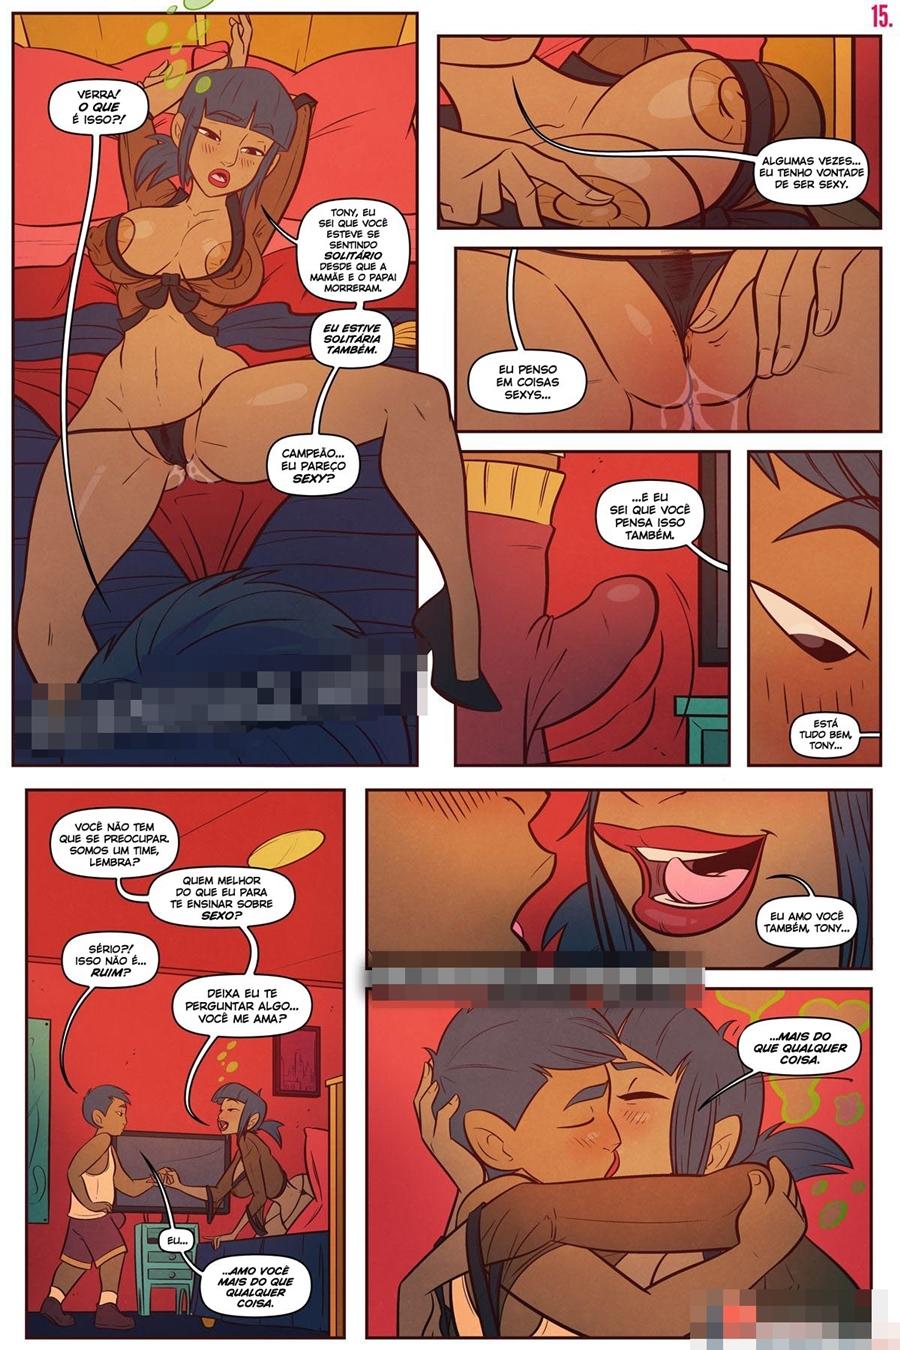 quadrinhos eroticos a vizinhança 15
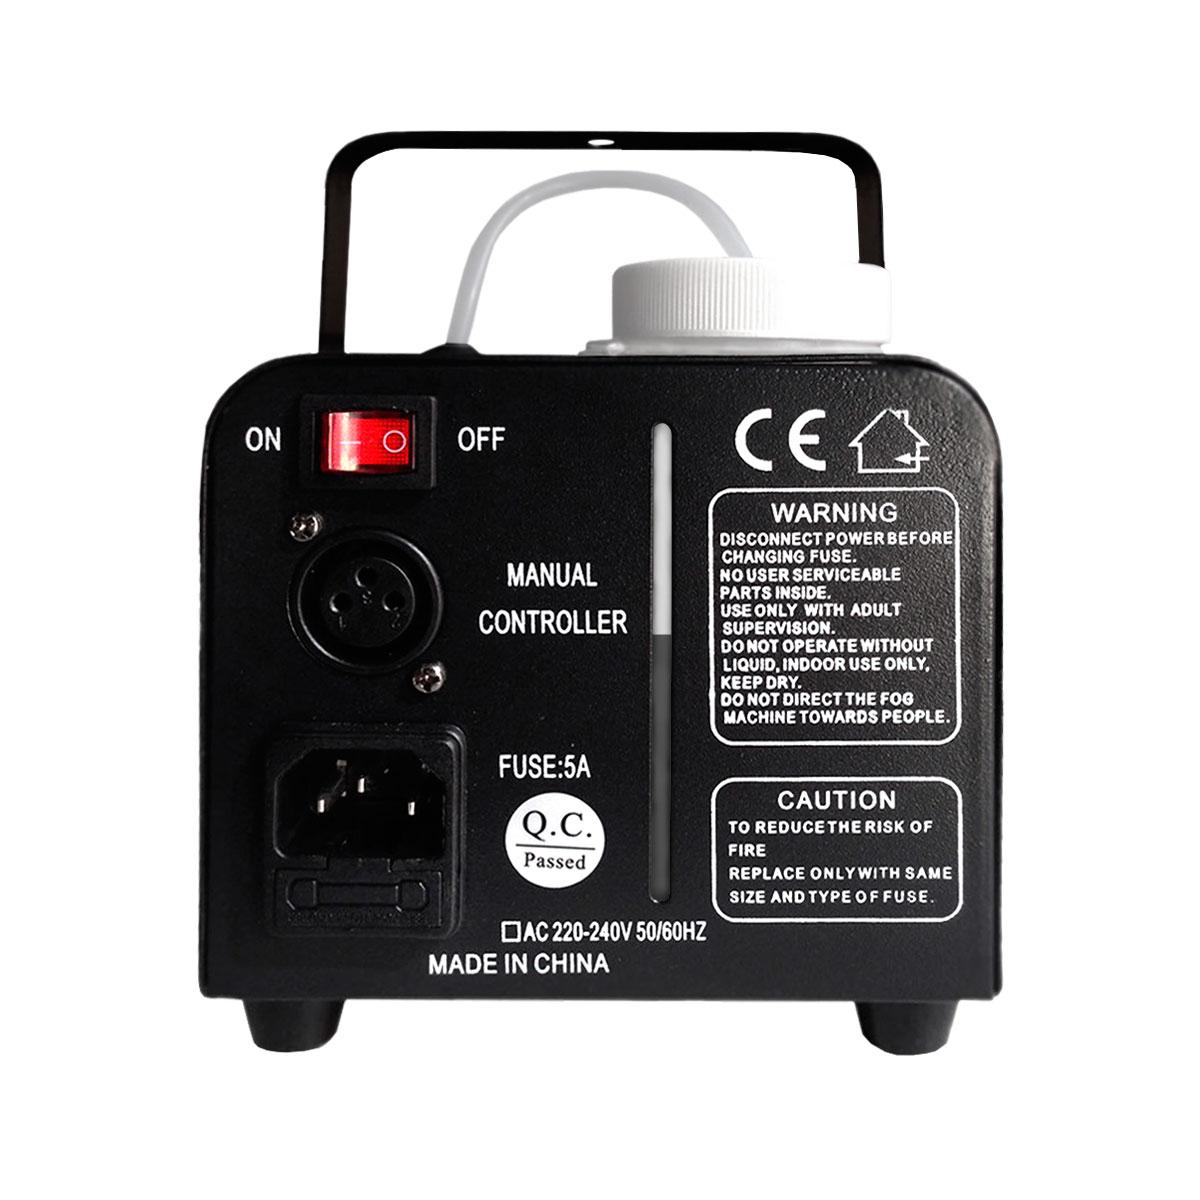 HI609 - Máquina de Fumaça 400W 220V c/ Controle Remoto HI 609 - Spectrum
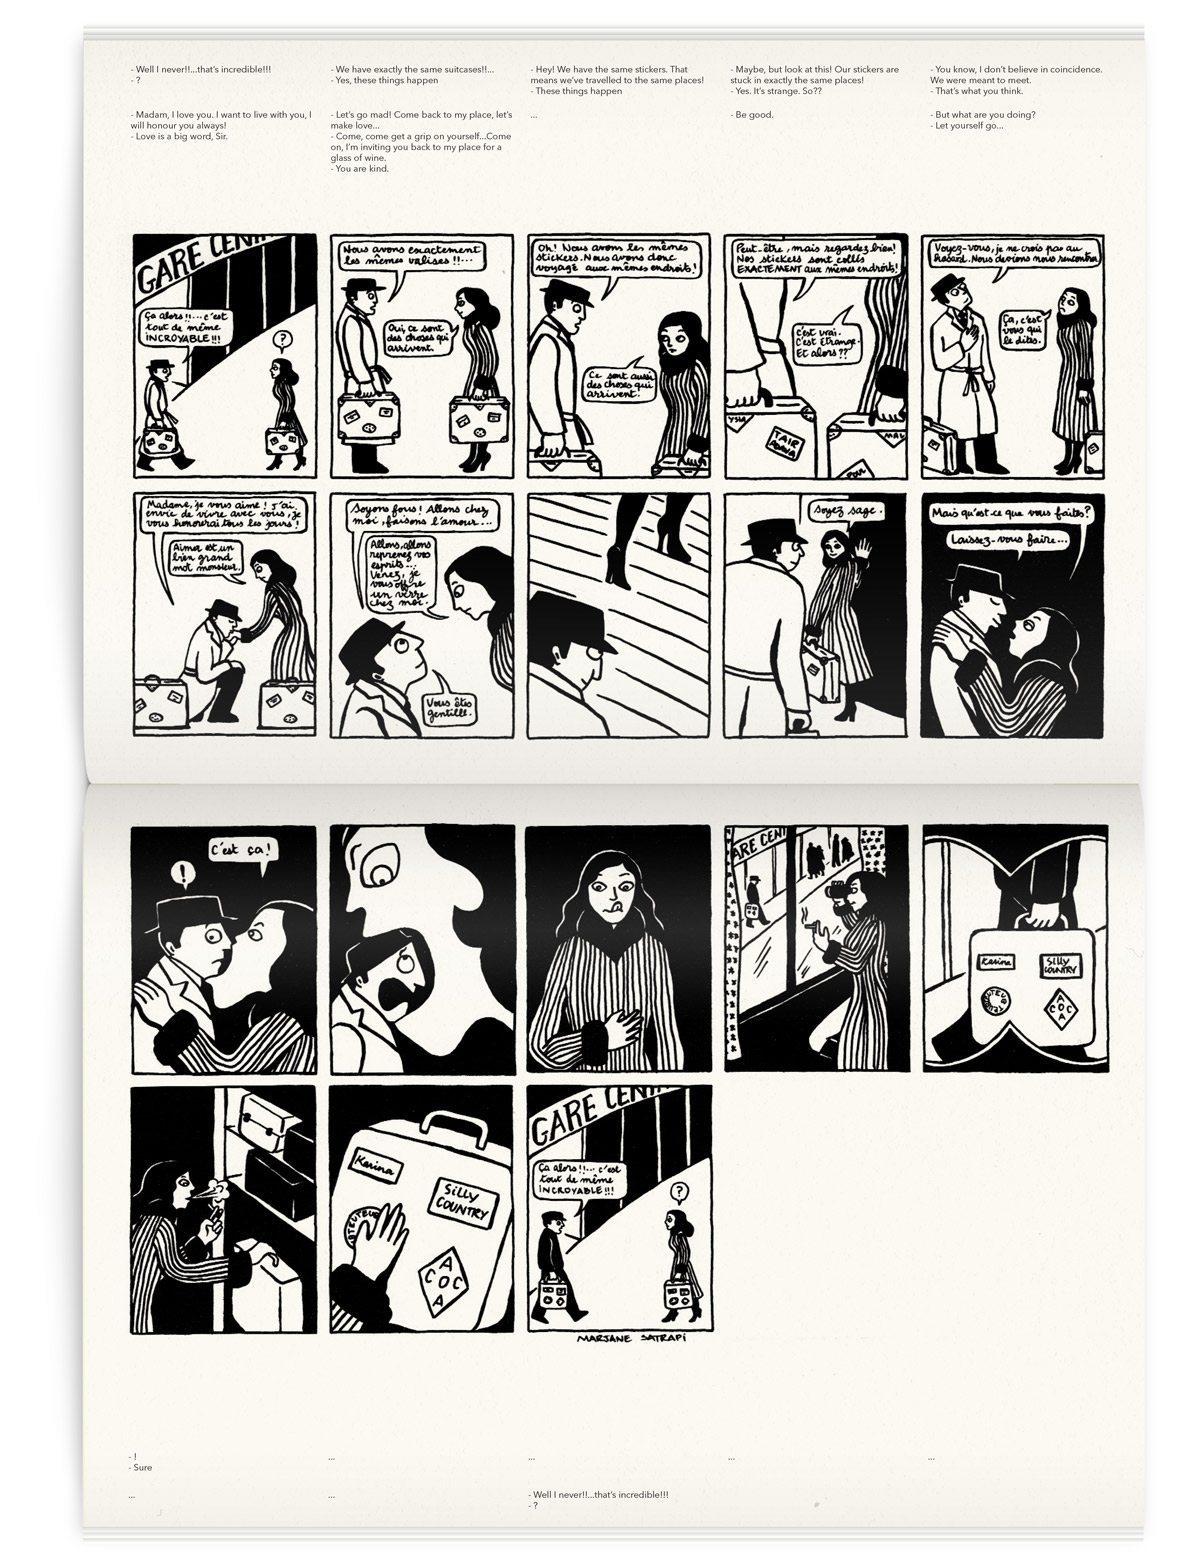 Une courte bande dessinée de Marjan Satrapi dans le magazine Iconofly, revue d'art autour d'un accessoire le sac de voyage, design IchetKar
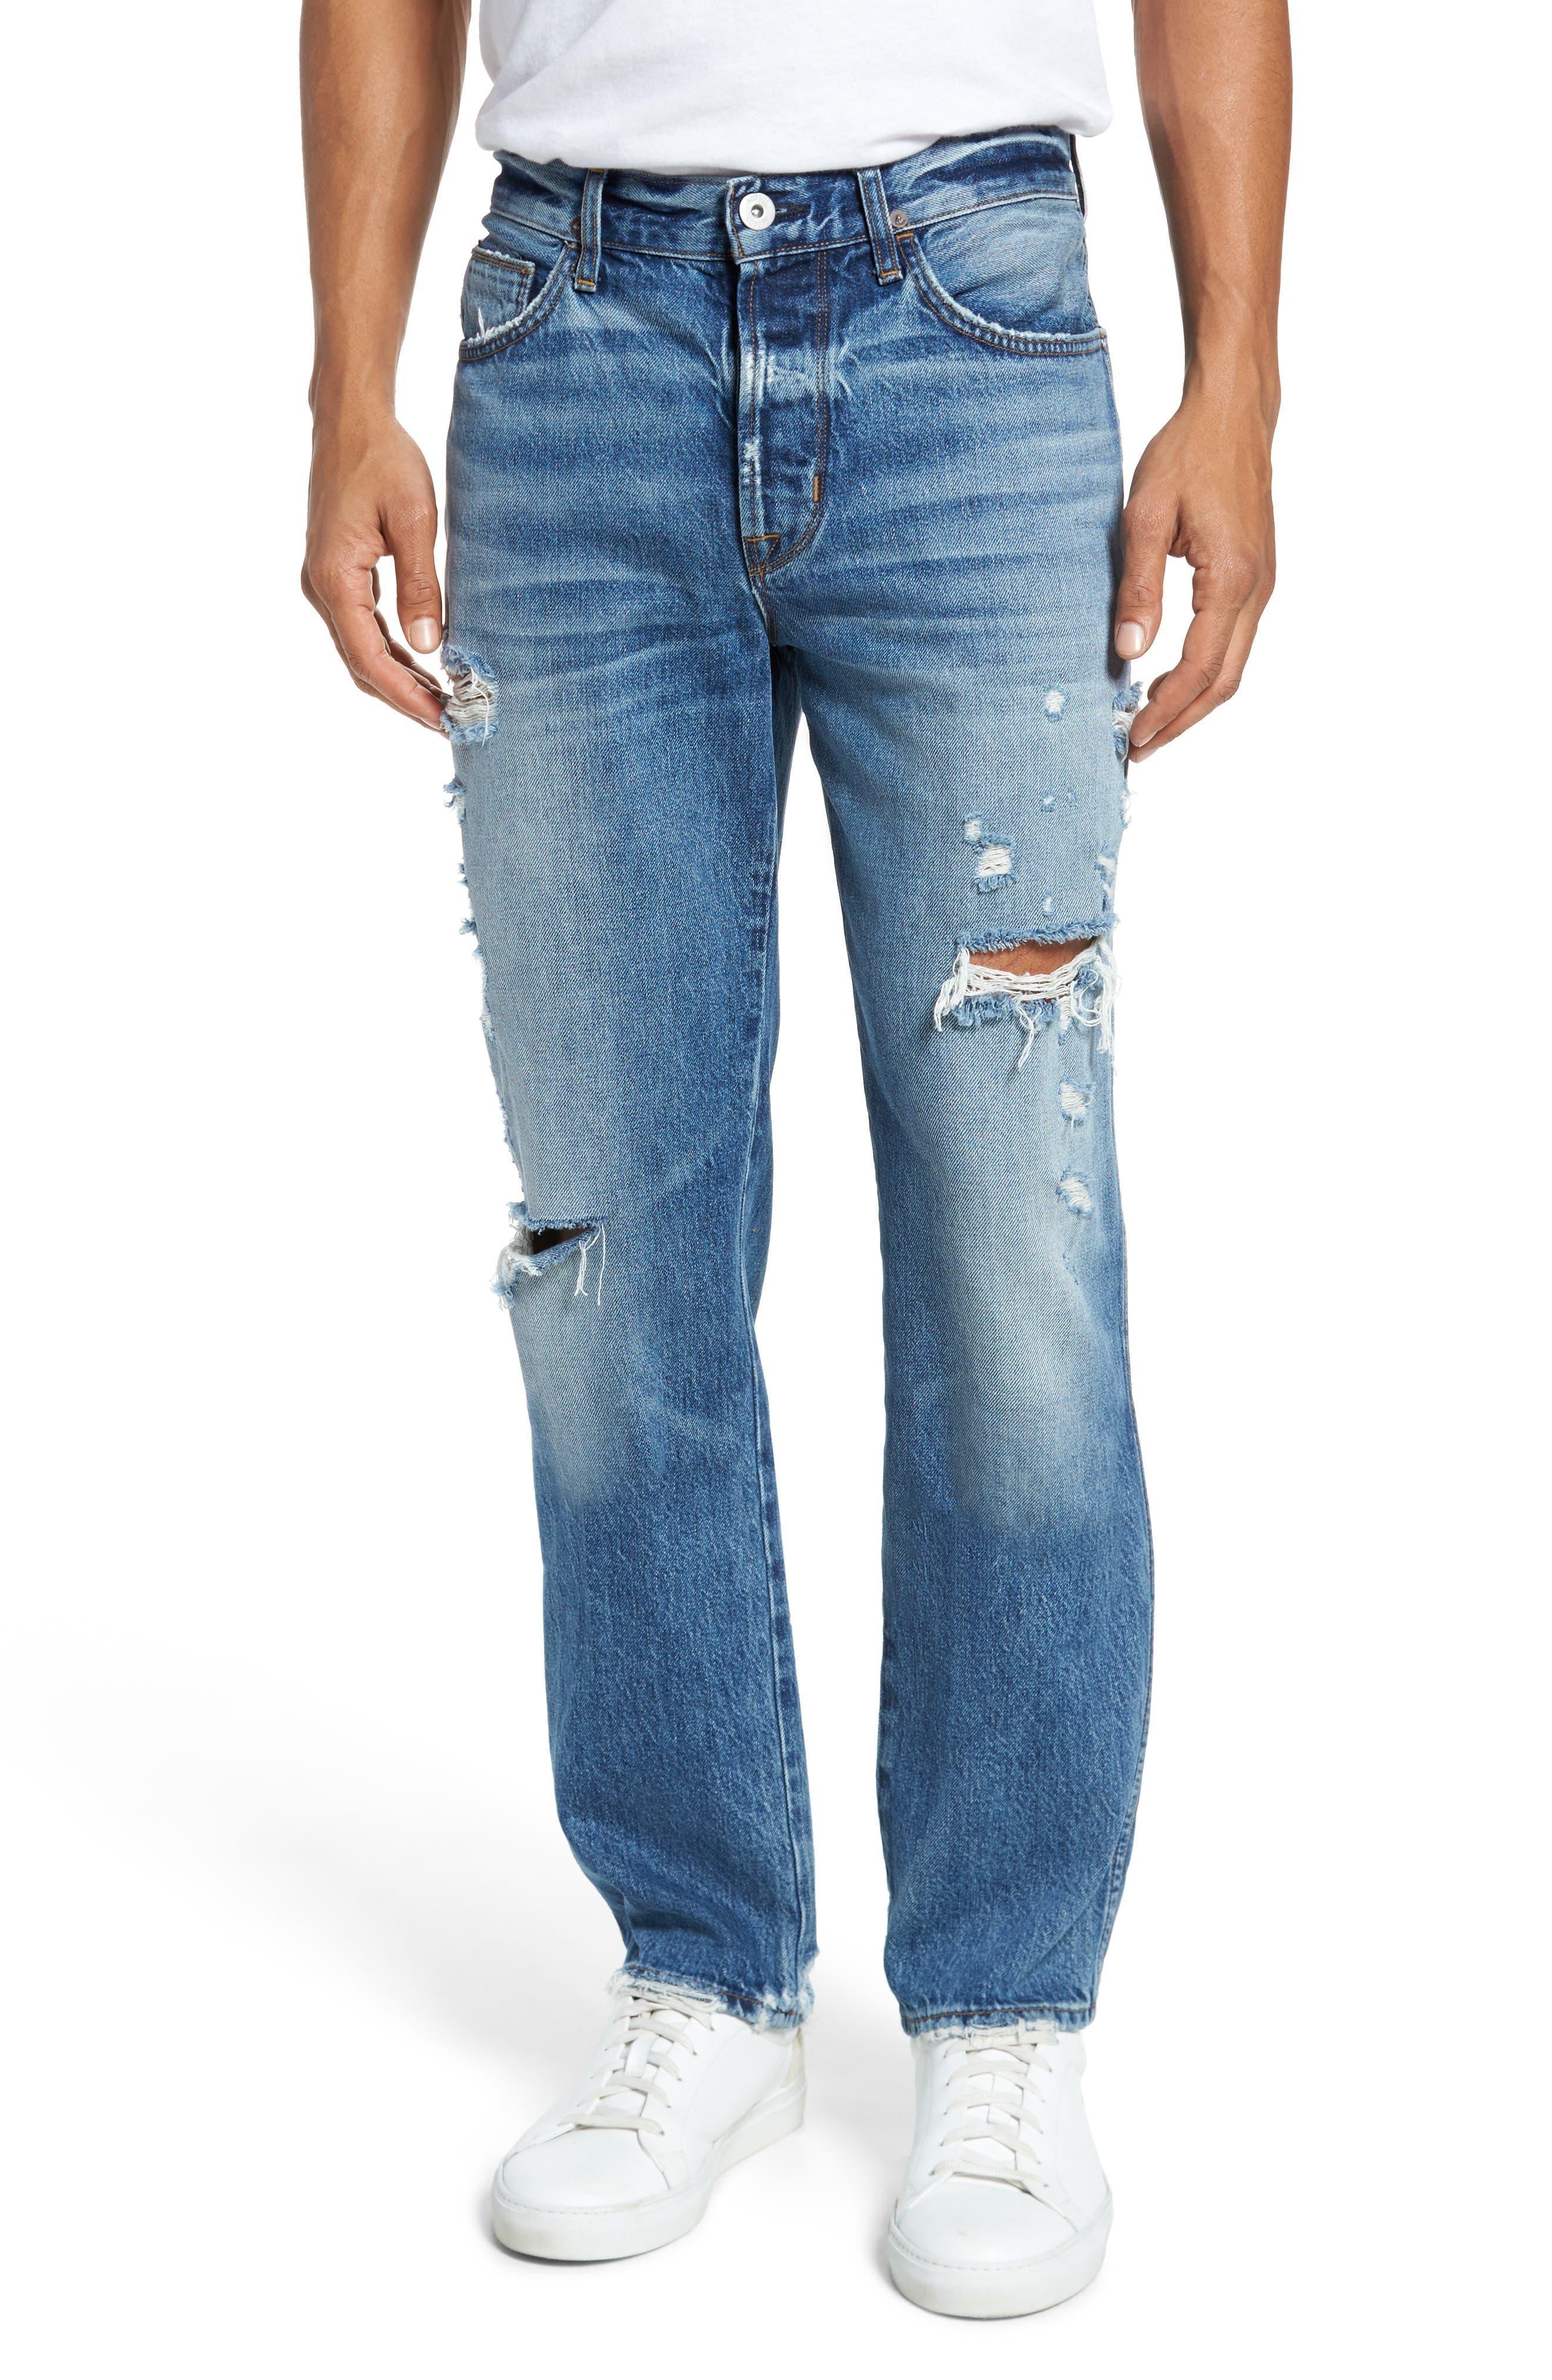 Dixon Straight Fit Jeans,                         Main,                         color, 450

### What you will do
Starting at the line that contains "Une courte bande", extract each line through the last line of the material exactly as written, and include no pictures.

### Exercise output
 Une courte bande dessinée de Marjan Satrapi dans le magazine Iconofly, revue d'art autour d'un accessoire le sac de voyage, design IchetKar
 Dixon Straight Fit Jeans,                         Main,                         color, 450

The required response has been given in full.